Classical symptoms of acute heart attack include sudden chest pain typically radiating to the left arm or left side of the neck, shortness of breath, nausea, vomiting, palpitations, sweating and anxiety (often described as a sense of impending doom). Women may experience fewer typical symptoms then men, most commonly shortnes of breath, weakness, a feeling of indigestion and fatigue. Approximately 1/4 of all heart attacks are “silent” that is without chest pain or other symptoms. Immediate treatment for a suspected acute heart attack traditionally includes oxygen, aspirin and sublingual nitroglycerin. 

When we talk about plaque build-up we hear a lot of talk about Cholesterol but there are many other factors involved. Cholesterol is not a deadly poison, but a substance vital to the cells of all mammals. It is a type of fat which is produced by the liver and is crucial for normal body function. Cholesterol exists in the outer layer of every cell in our body and has many functions. It is essential for determining which molecules can pass into the cell and which cannot. Is is involved in the production of sex hormones, to name a few. There are no such things as good or bad cholesterol, but mental stress, physical activity and change of body weight which is caused by other factors may influence the level of blood cholesterol. A high cholesterol is not dangerous by itself, but may reflect an unhealthy condition, or it may be totally innocent. A high blood cholesterol is said to promote atherosclerosis or coronary artery disease but many studies have shown that people whose blood cholesterol is low become just as atheroschlerotic as people whose cholesterol is high. So basically if a person is diagnosed with high blood cholesterol, there’s an underlying situation which is causing this and it would need to be found and addressed. I have found that a very common cause is too much simple carbs in the diet. 

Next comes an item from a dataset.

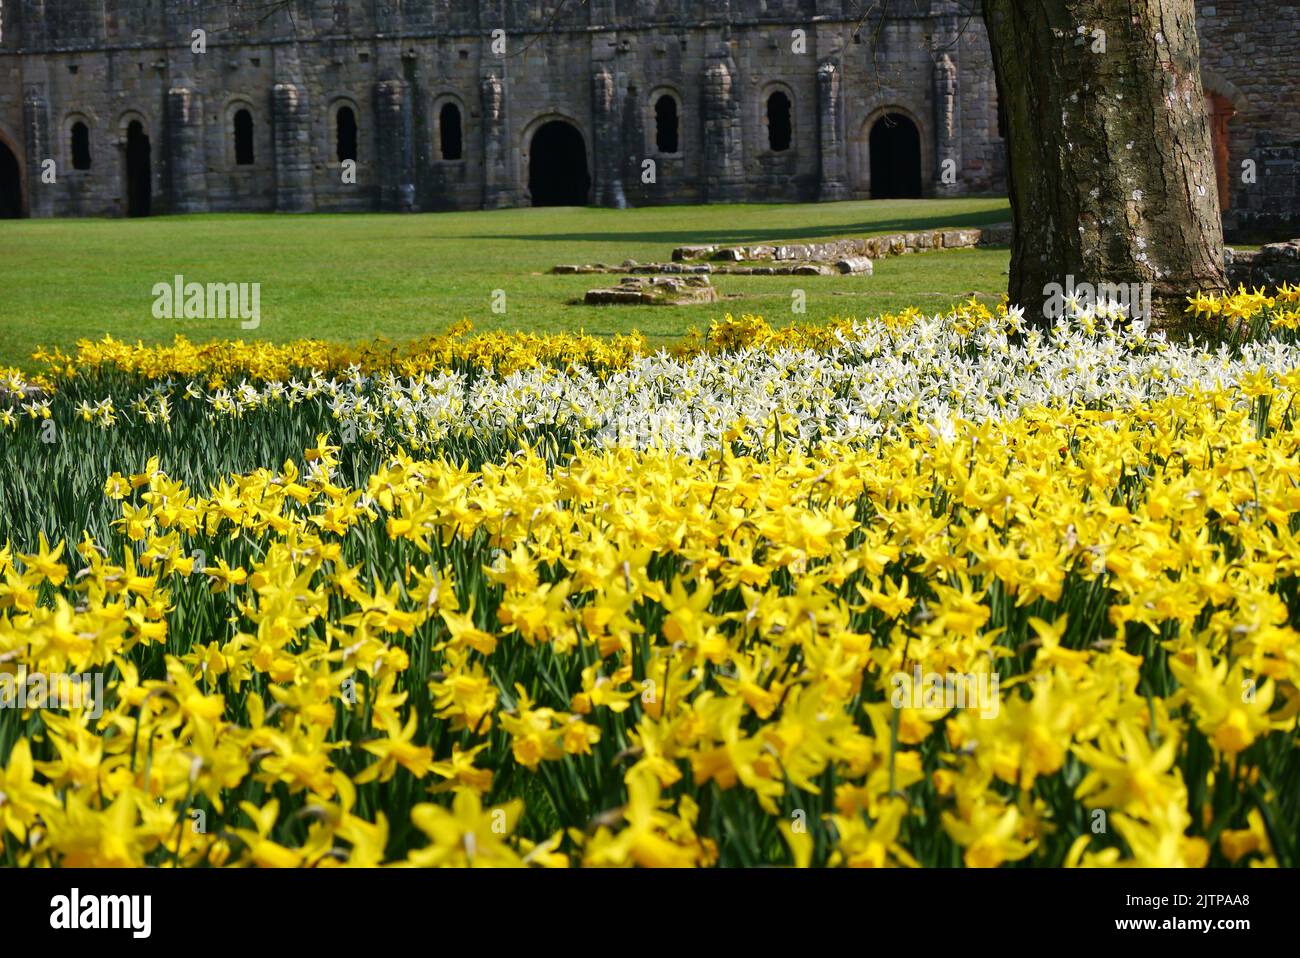 Yellow Springtime Daffodils by the Ruins of Fountains Abbey Cistercian Monastery, North Yorkshire, England, UK. Stock Photo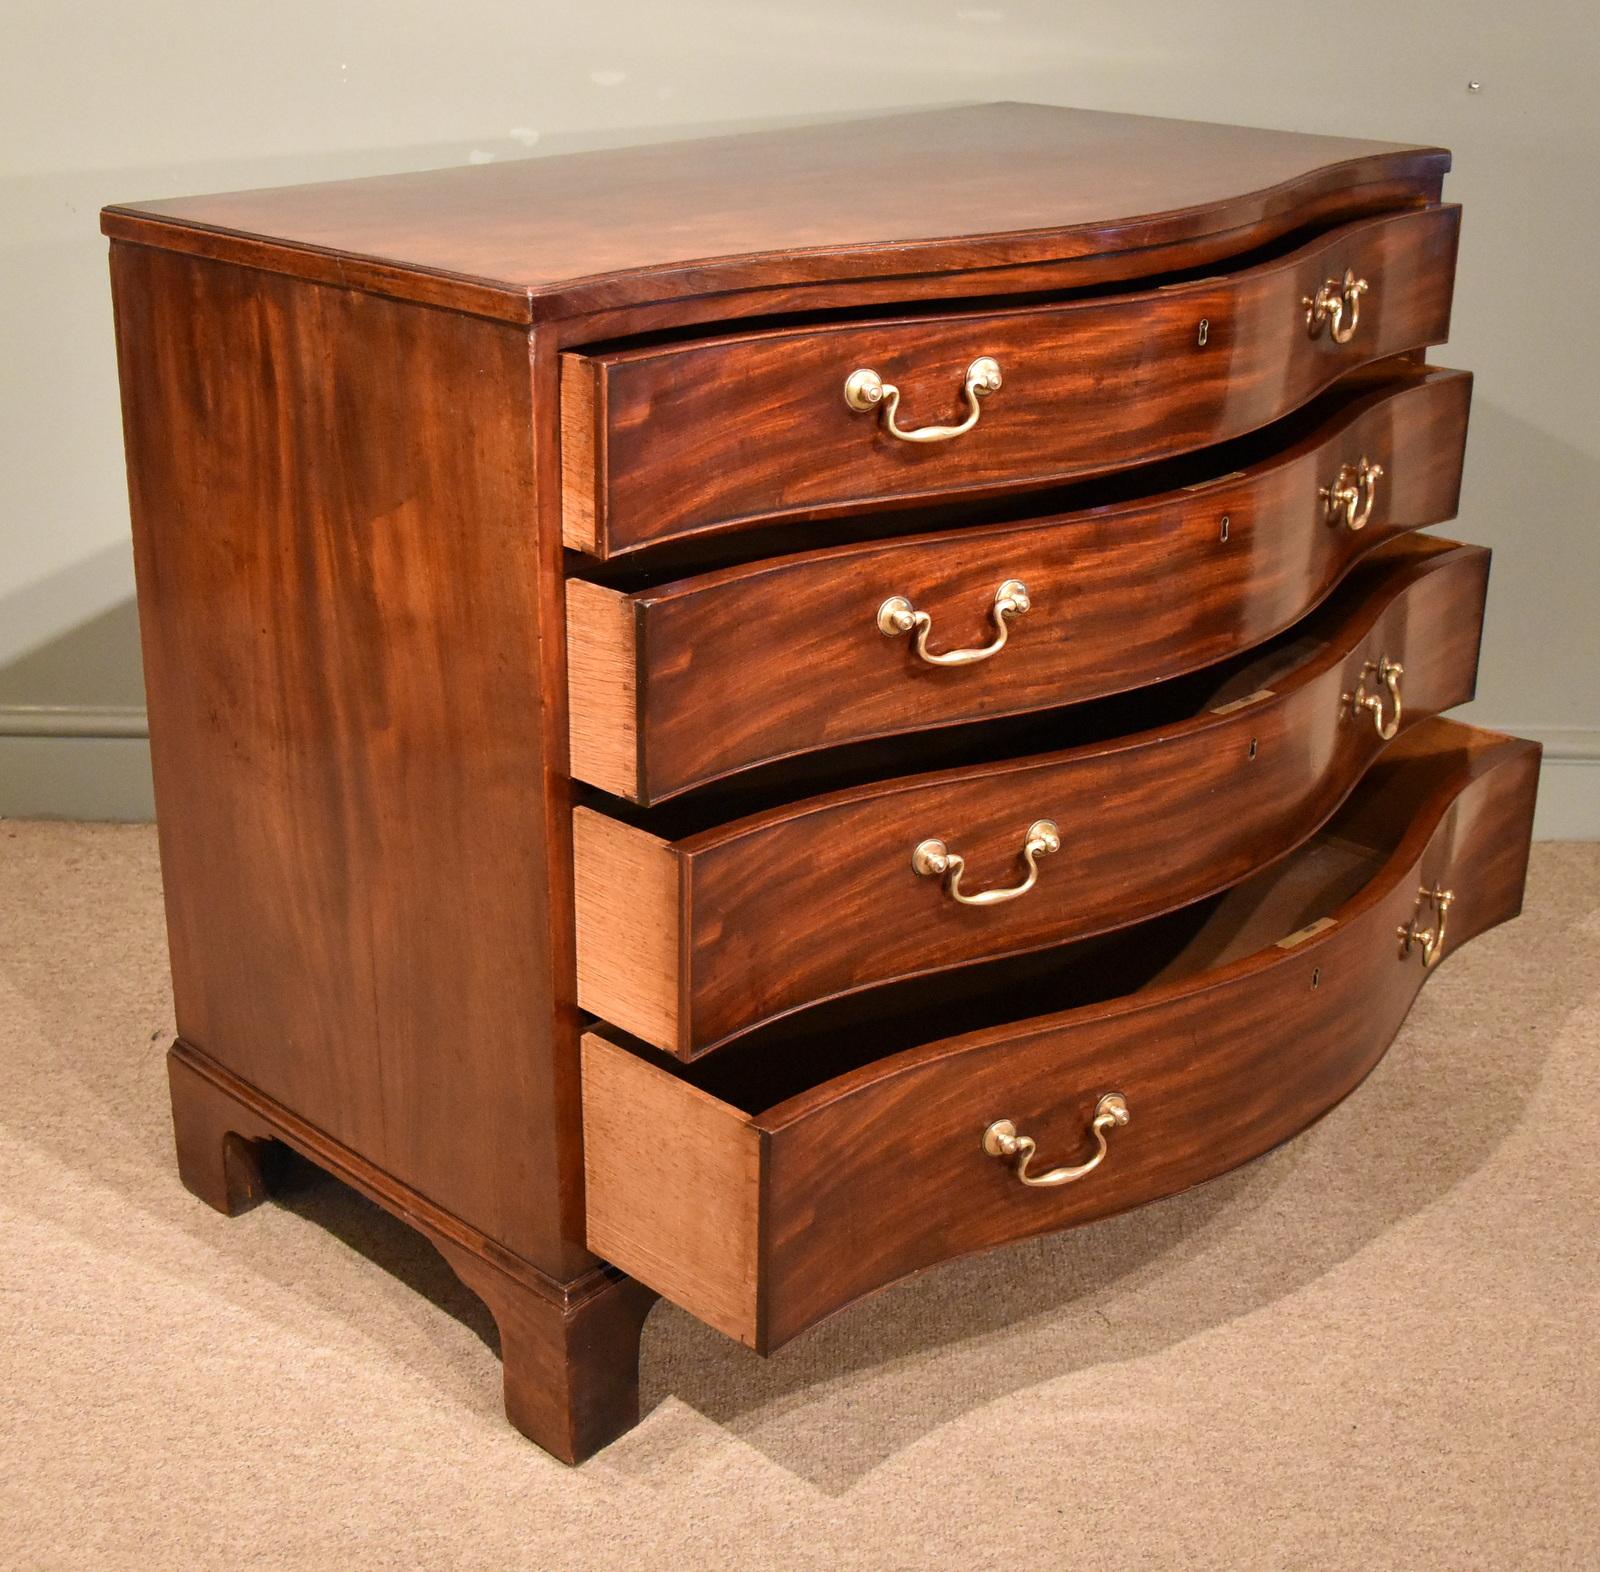 George III Serpentine Fronted Mahogany Chest of Drawers In Good Condition For Sale In Wiltshire, GB

The cycle is this - Let’s say you eat candy which is basically sugar, or white bread which turns into sugar quickly and gets into your blood rapidly. The body is thrown into an emergency handling to reduce the quantity of sugar that was just thrown into circulation because too much sugar in the blood can be lethal. Our body is regularly monitoring the level of sugar to keep it within a certain range (we call it sugar regulation) when it peaks above the maximum range after eating something sweet, the pancreas has to get into action to help reduce the level back into normal range. Insulin gets produced to handle this sugar, some of the sugar gets used by the brain, some by the muscles but the surplus is turned into fat for use later on. Insulin is irritating to the arteries, so if this is a regular occurrence with someone who eats donuts every day let’s say, then the walls of the arteries get very irritated and weak so cholesterol gets produced to reinforce the cells in the wall and patch the arteries so they don’t burst. Over time you can get a build up of cholesterol or fat deposit in the arteries which reduce the flow of blood thru the arteries and causes high blood pressure and you see where this is leading. High cholesterol and high blood pressure are closely related, one usually goes with the other. So a lot can be done about this nutritionally.